Будто армия перед важным сражением, готовится колхоз к сенокосу: чинится и подгоняется сбруя, лошадкам, этим безотказным работникам, дается короткий передых, правятся вилы, грабли, литовки, до поздней ночи ухает молот в кузне, ремонтируются конные косилки, сеногребы — важная и единственная техника в этой тяжелой крестьянской работе. Забот-заботушек полным-полно, но тем не менее сутки попросторнее, часы посвободнее, минуты покрупнее. Именно на такое время назначил председатель день поминовения погибших на войне, а заодно и день встречи победителей. Фронтовики приходили в разное время. По домам устраивались маленькие вечерушки с разговорами, с поздравлениями, с расспросами, но все вместе пока не собирались — горячими были дни.

Столы из горбыля и плах соорудили близ заимки, в том самом колке, в который и принесла майским утром почтальонка весть о конце войны. Черемуховая белизна давно сошла, колок стал задумчивым и строгим. Черный бархат черемух забивал другие цвета, и казалось, будто колок оделся в траур.

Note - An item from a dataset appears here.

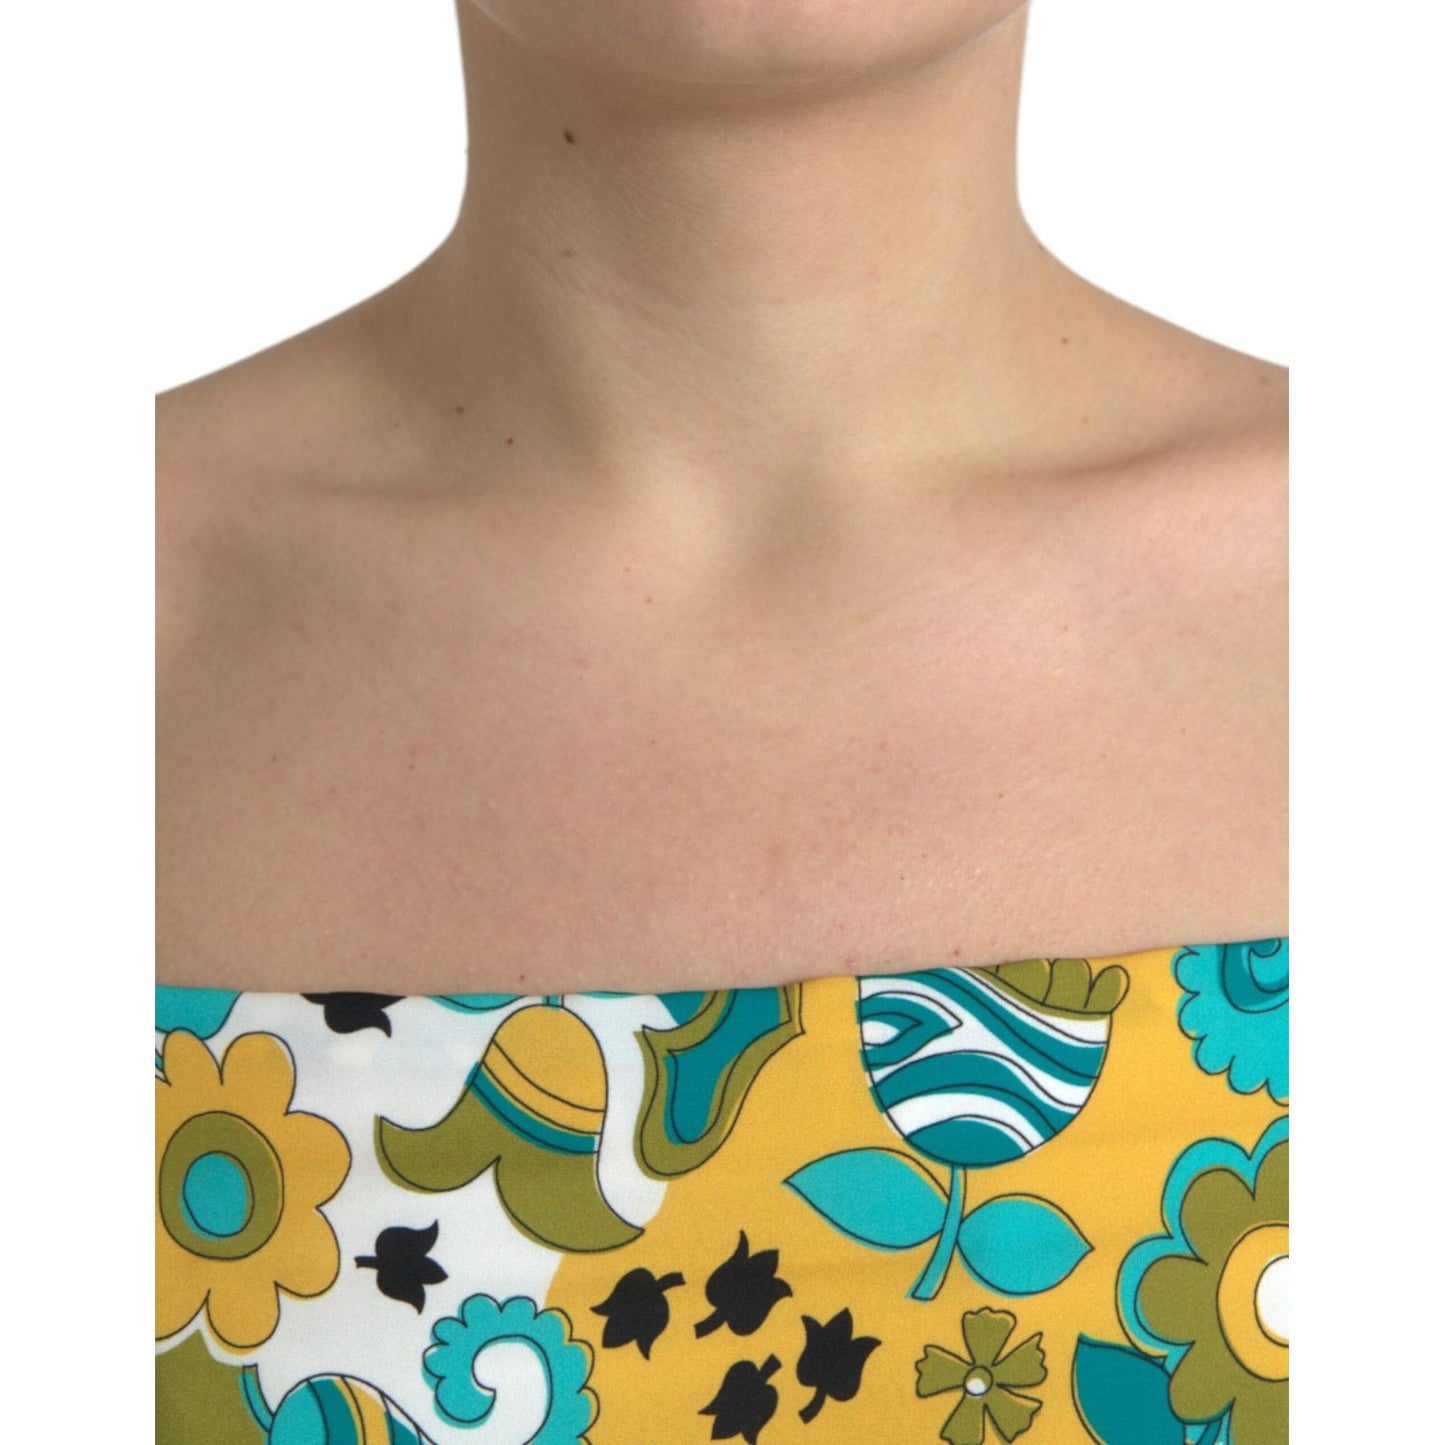 Dolce & Gabbana Elegant Floral Silk Blend Cropped Tank Top multicolor-floral-sleeveless-cropped-top

Председатель колхоза Ефим Ефимович Молчунов, бритый наголо, грузный и неповоротливый за столом, но расторопный в работе, и впрямь оправдывал свою фамилию, сказав только перед первым стакашком: «За погибших!»— и перед вторым: «За живых!» Между собой колхозники беззлобно подтрунивали над Молчуновым, навеличивая его — Пим Пимович, потому что частенько повторял: «Как по-городскому пимы? Валенки!» Обеих рук у Пима Пимовича не было, оторвало под Москвой, в сорок первом. Может, поэтому и не любил он застолий, тостов - держать стакан ему и на самом деле было «не с руки». Но праздник поминовения и встречи не только разрешил, а и сам занял место во главе стола, хоть и сказал очень коротко. Даже, нагнувшись, чуток отхлебнул из высокой кружки браги-медовухи.

После наваристых щей — Пим Пимович не пожалел колхозного барана — подали жаркое. Хоть и было жаркое в военные годы редким гостем на деревенских столах, но сейчас к нему внимательно отнеслись только старушки да ребятишки.

Заиграл на хромке Матвей Куркин. Солдатки вышли на круг. Так уже повелось, первыми на пляску и в войну выходили солдатки. Толи оттого, что надоедало за столом женщине за женщиной ухаживать, наполнять стаканы, то ли потому, что хотелось показать свою удаль и горькую веселость.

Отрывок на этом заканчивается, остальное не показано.